Start of Dataset extract

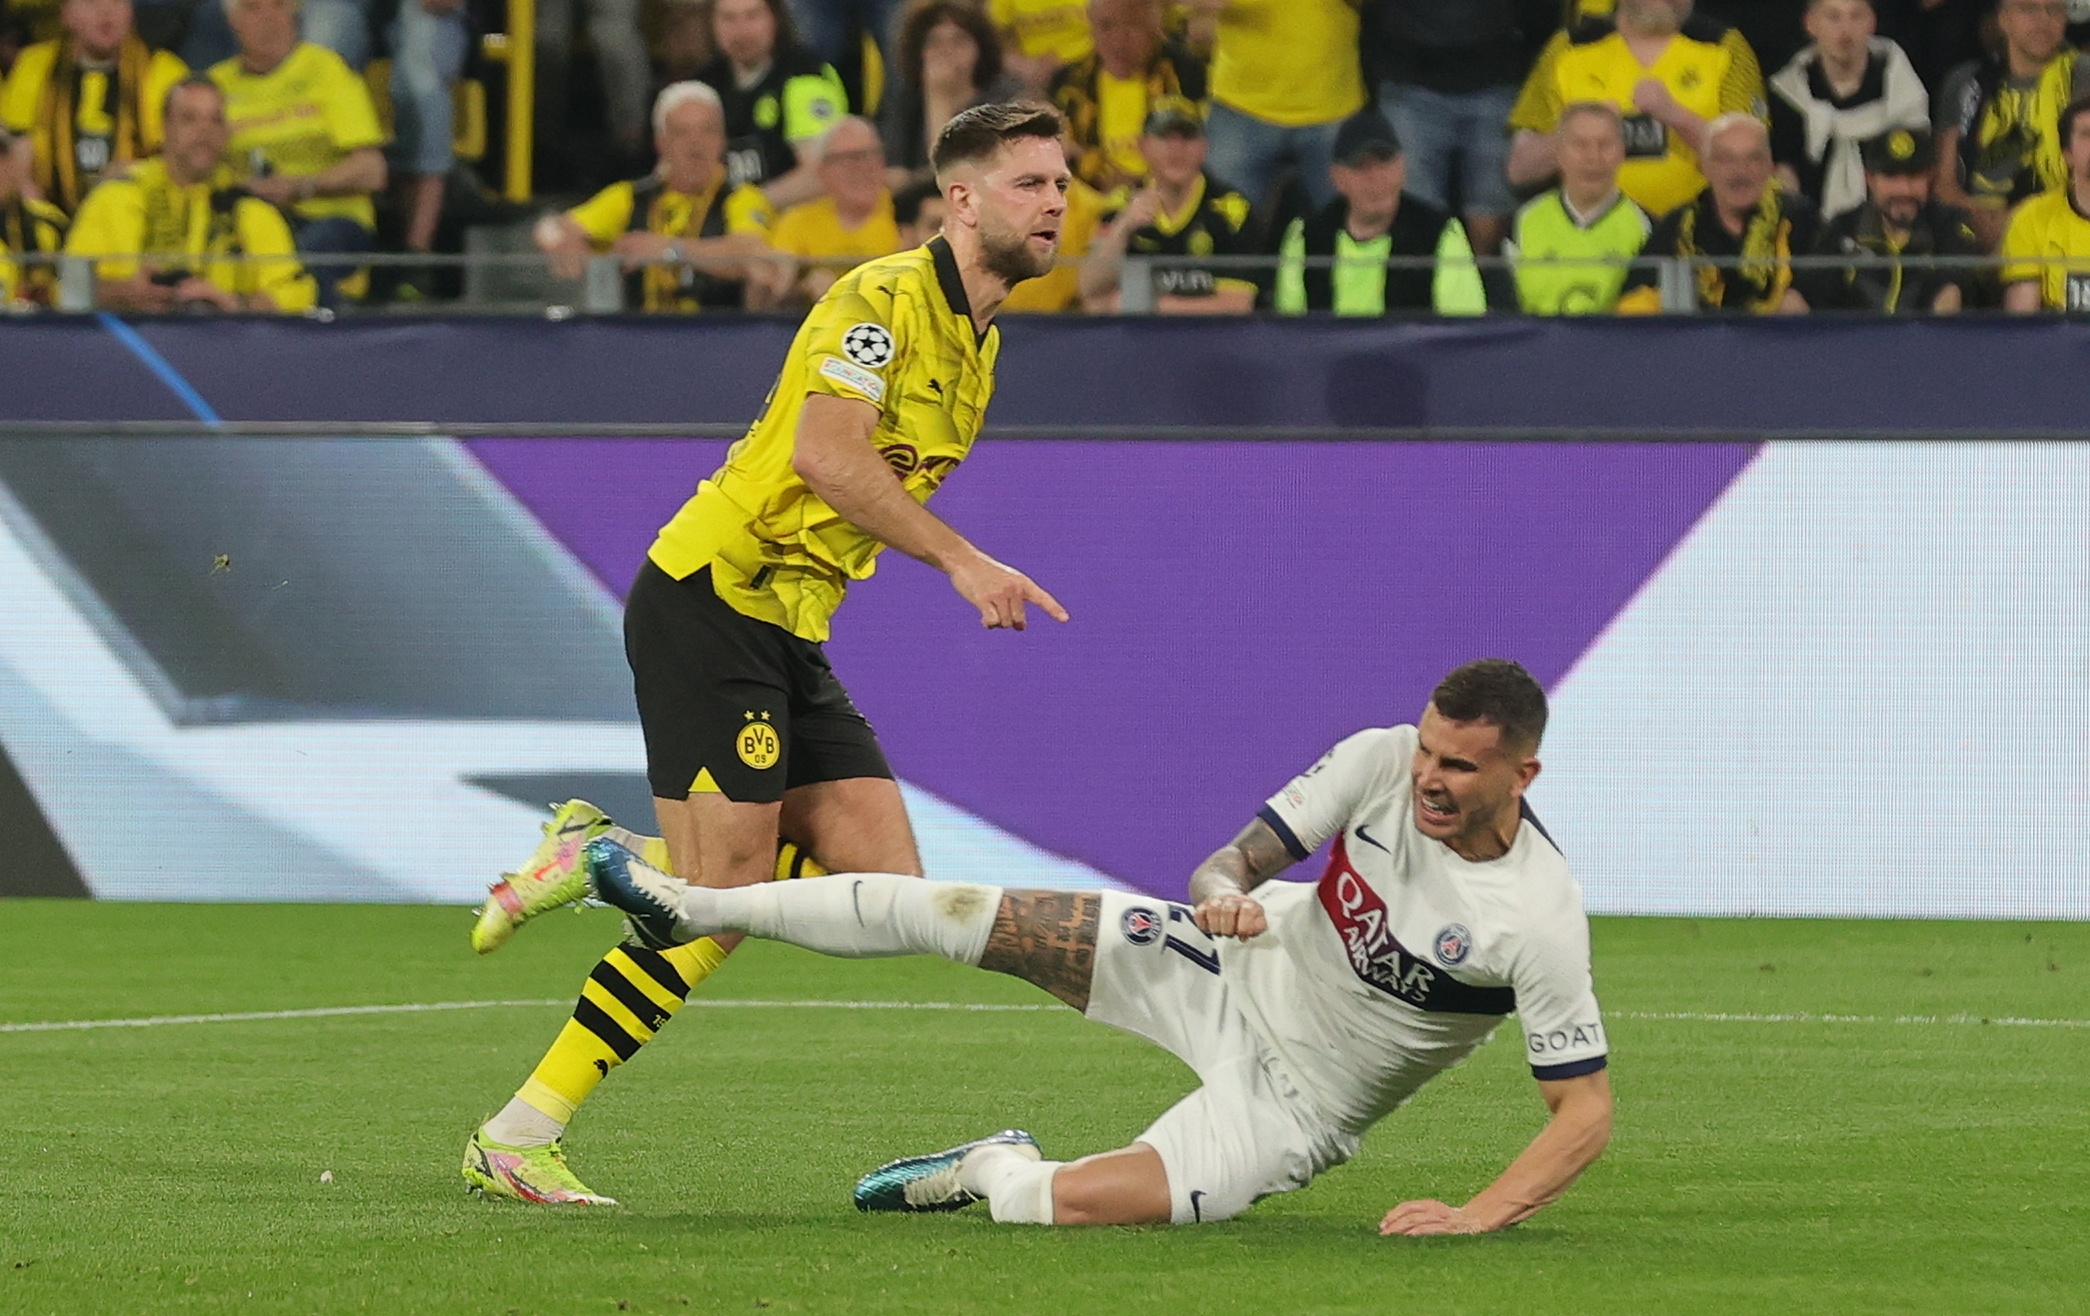 El Borussia Dortmund golpea primero ante el PSG en la Champions (1-0)
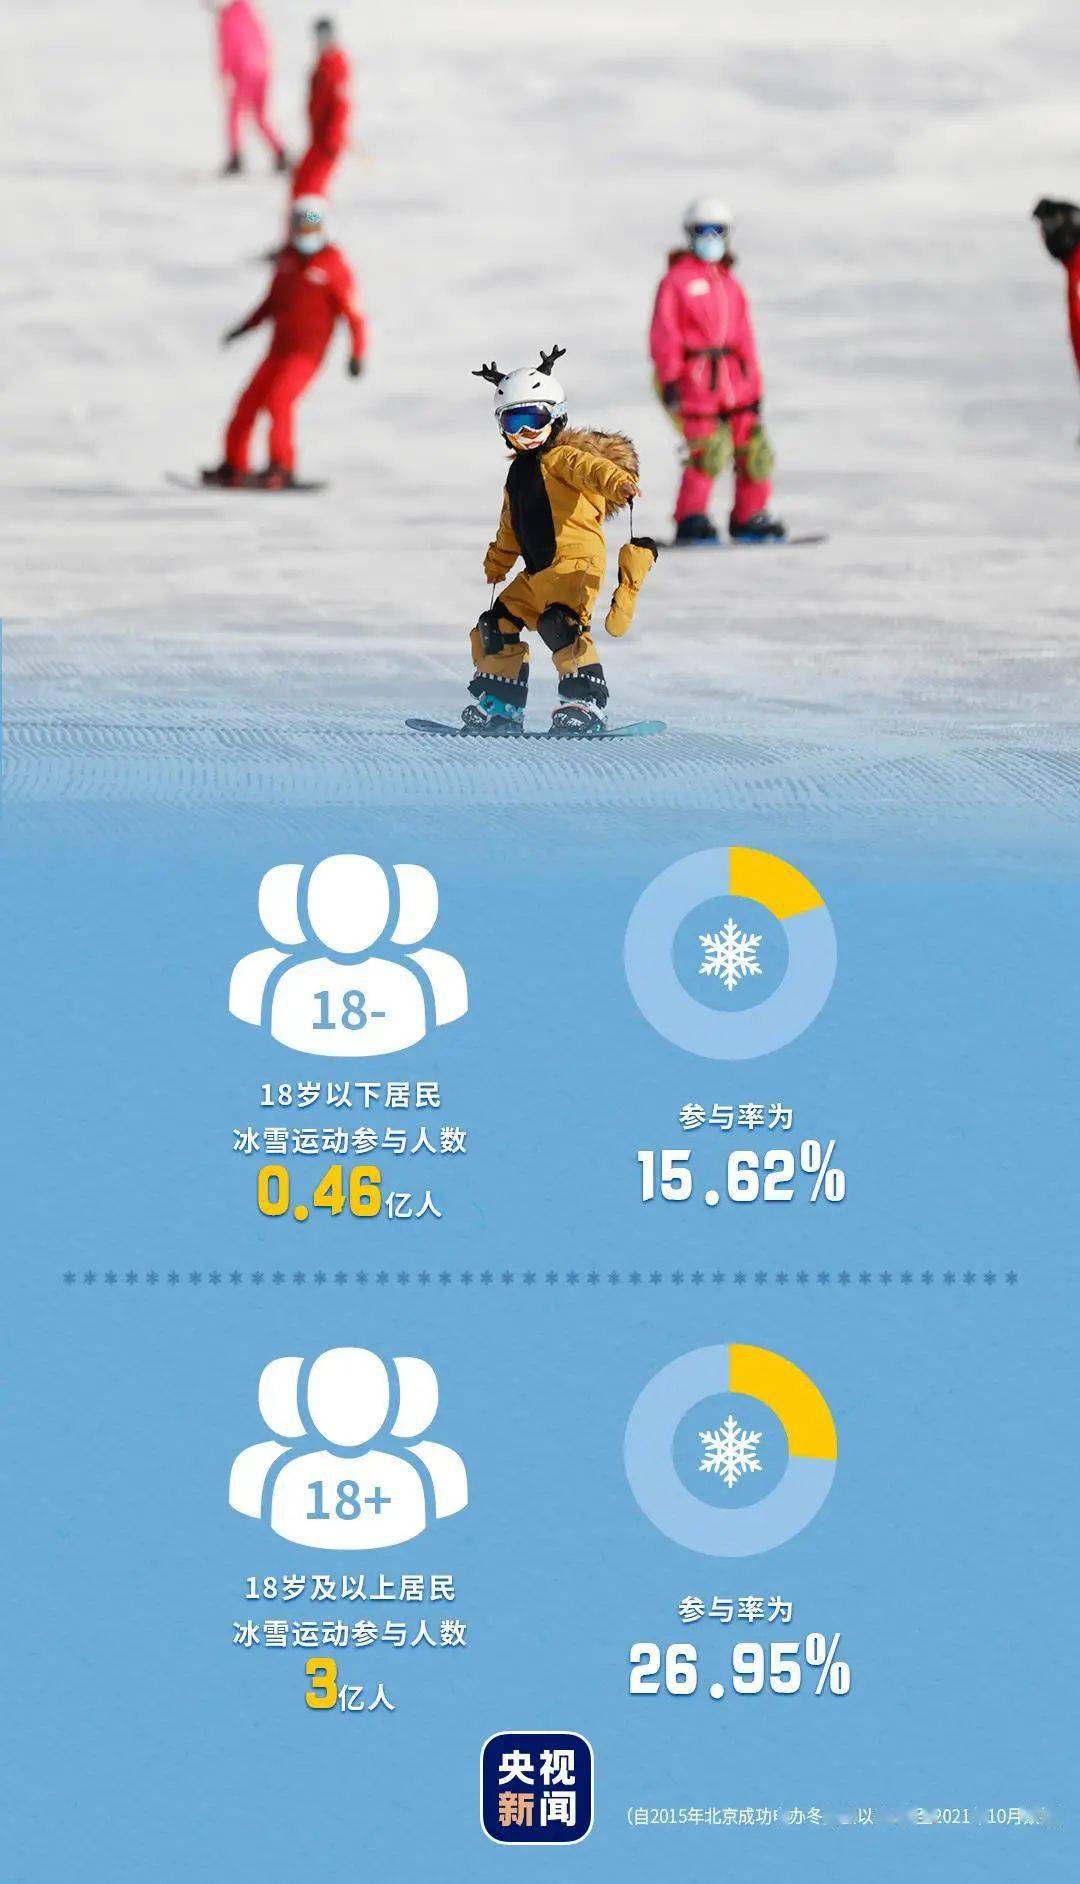 北京成功申办冬奥会以来,全国有多少人参与冰雪运动?
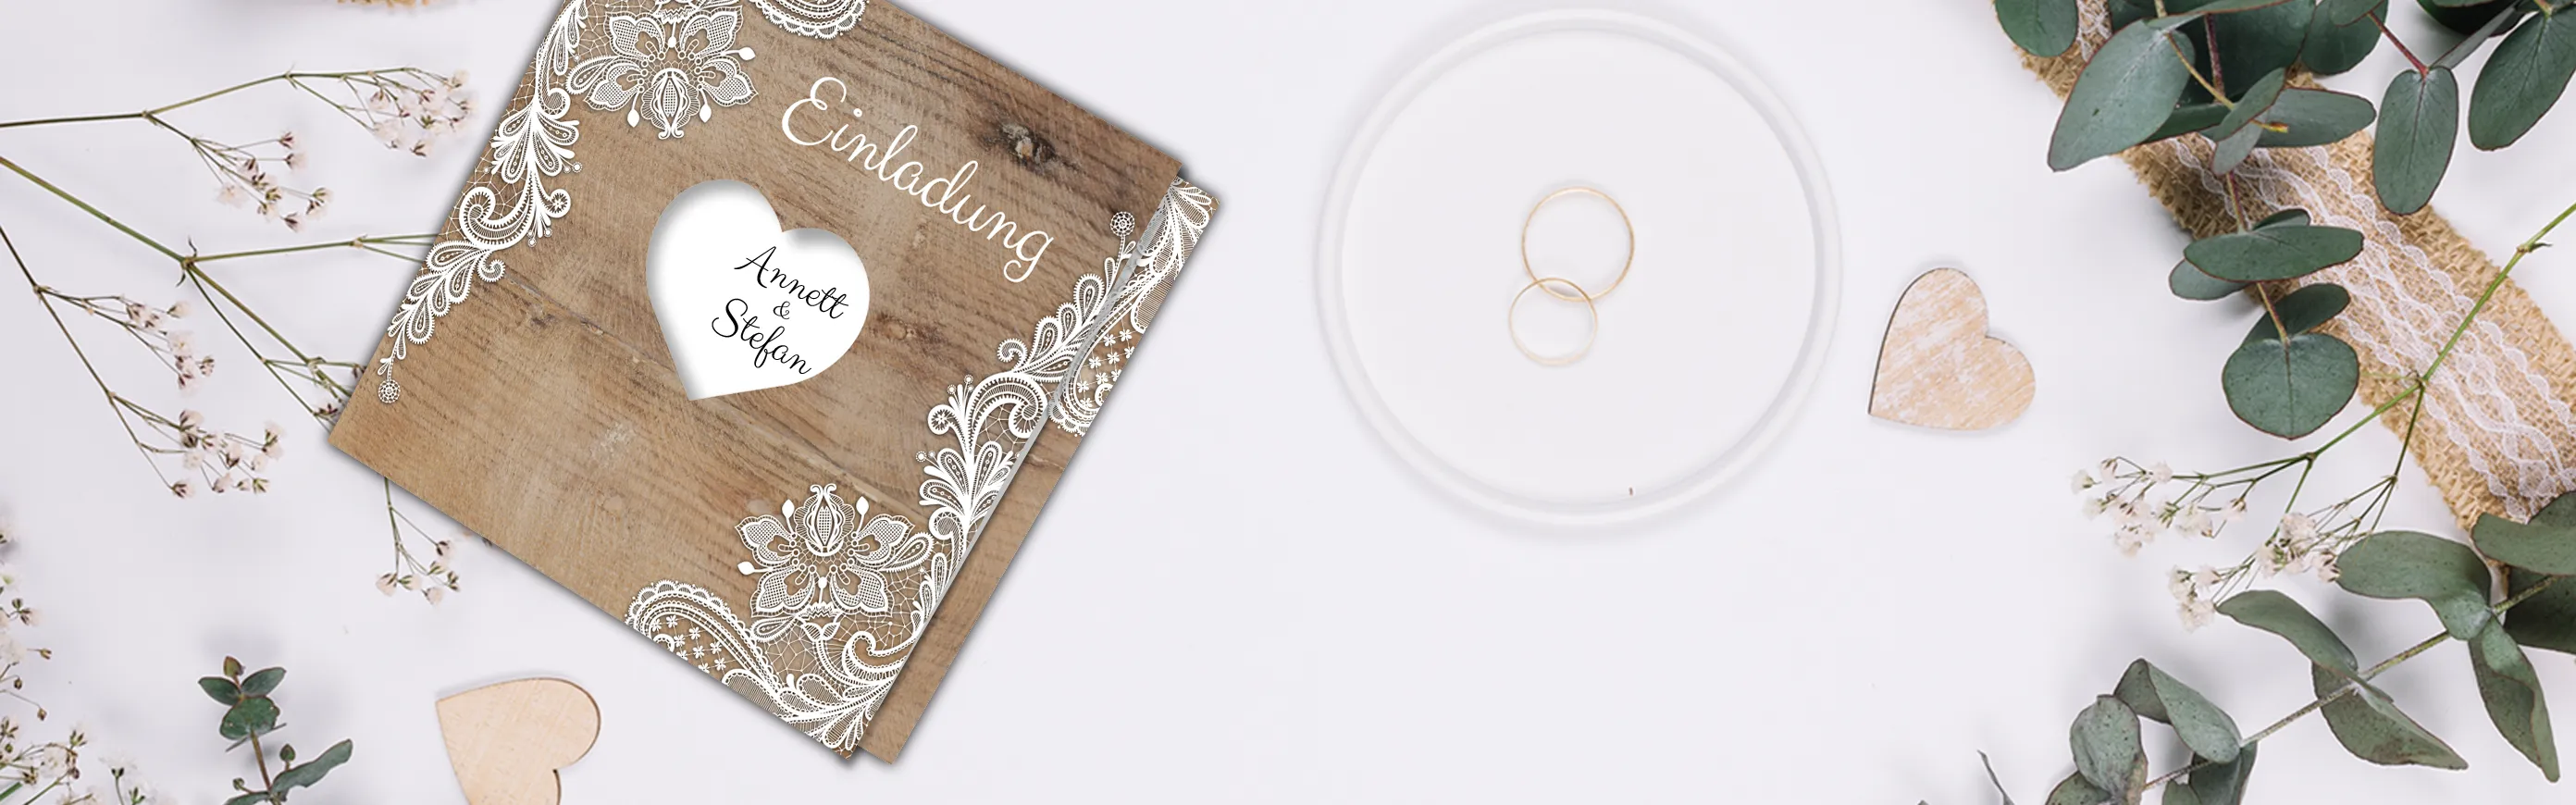 Hochzeit Einladungskarten im Rustikal Design  mit Herz Sonderform selbst gestalten
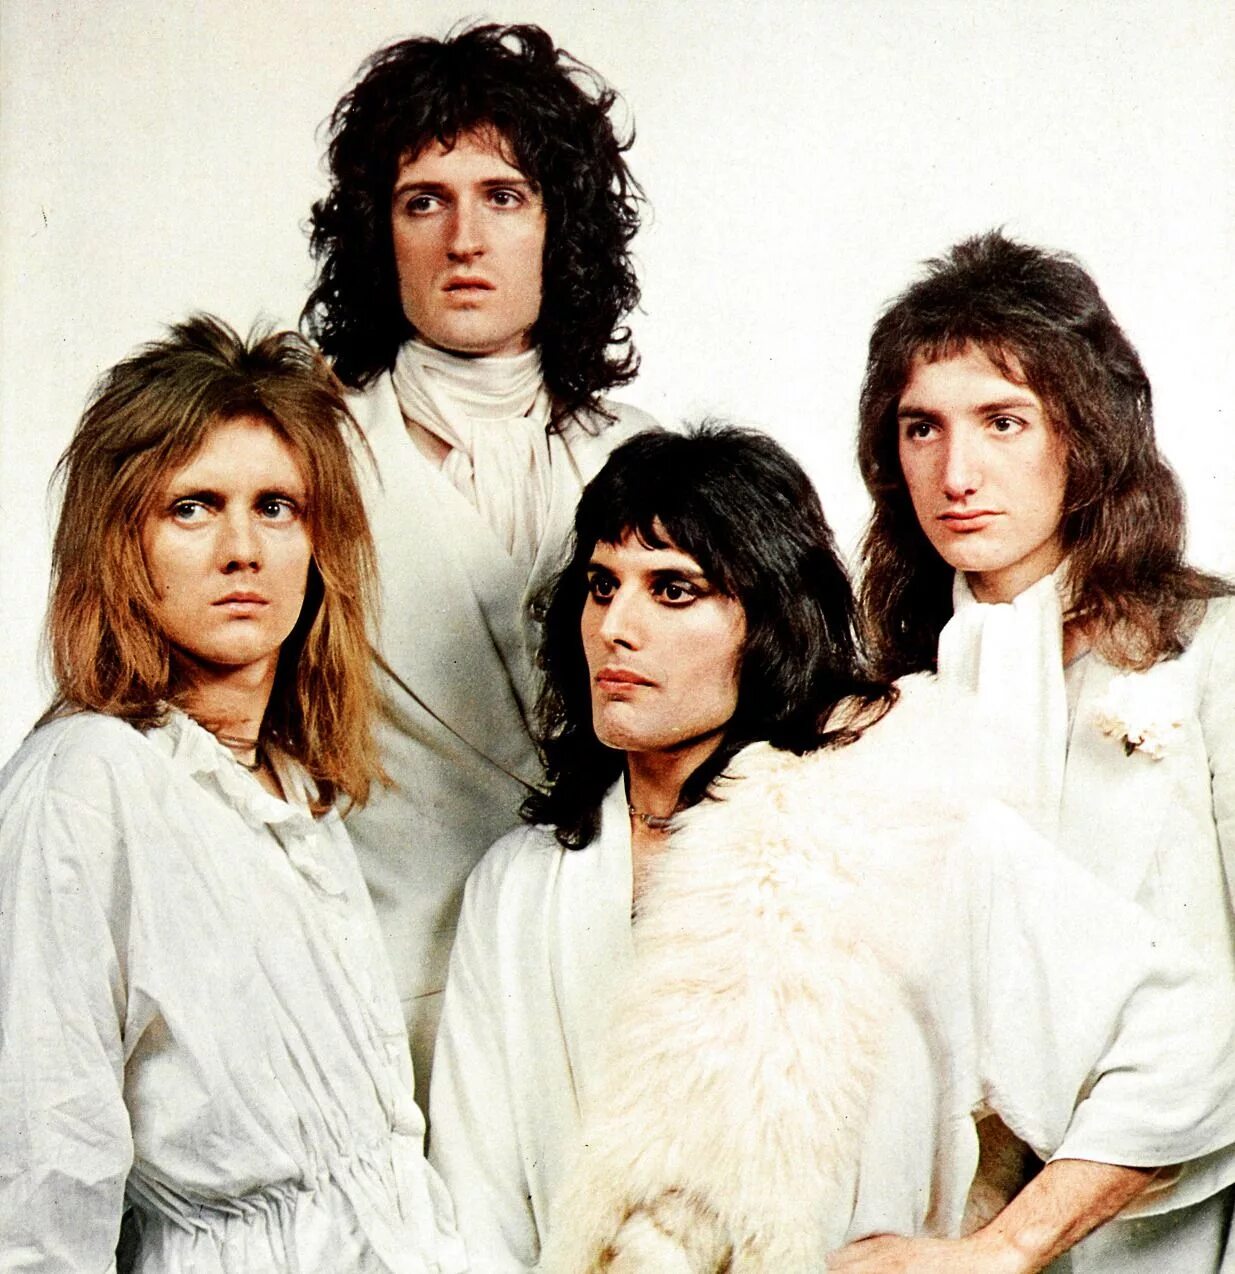 Queen слушать в качестве. Группа Квин 1970. Группа Квин в молодости. Группа Queen 70s. Группа Queen 1975.

End of Dataset extract

### Task
Restate each line of the material word for word, skipping any picture.

### Answer space
 El Borussia Dortmund golpea primero ante el PSG en la Champions (1-0)
 北京成功申办冬奥会以来,全国有多少人参与冰雪运动?
 Hochzeit Einladungskarten im Rustikal Design  mit Herz Sonderform selbst gestalten
 Queen слушать в качестве. Группа Квин 1970. Группа Квин в молодости. Группа Queen 70s. Группа Queen 1975.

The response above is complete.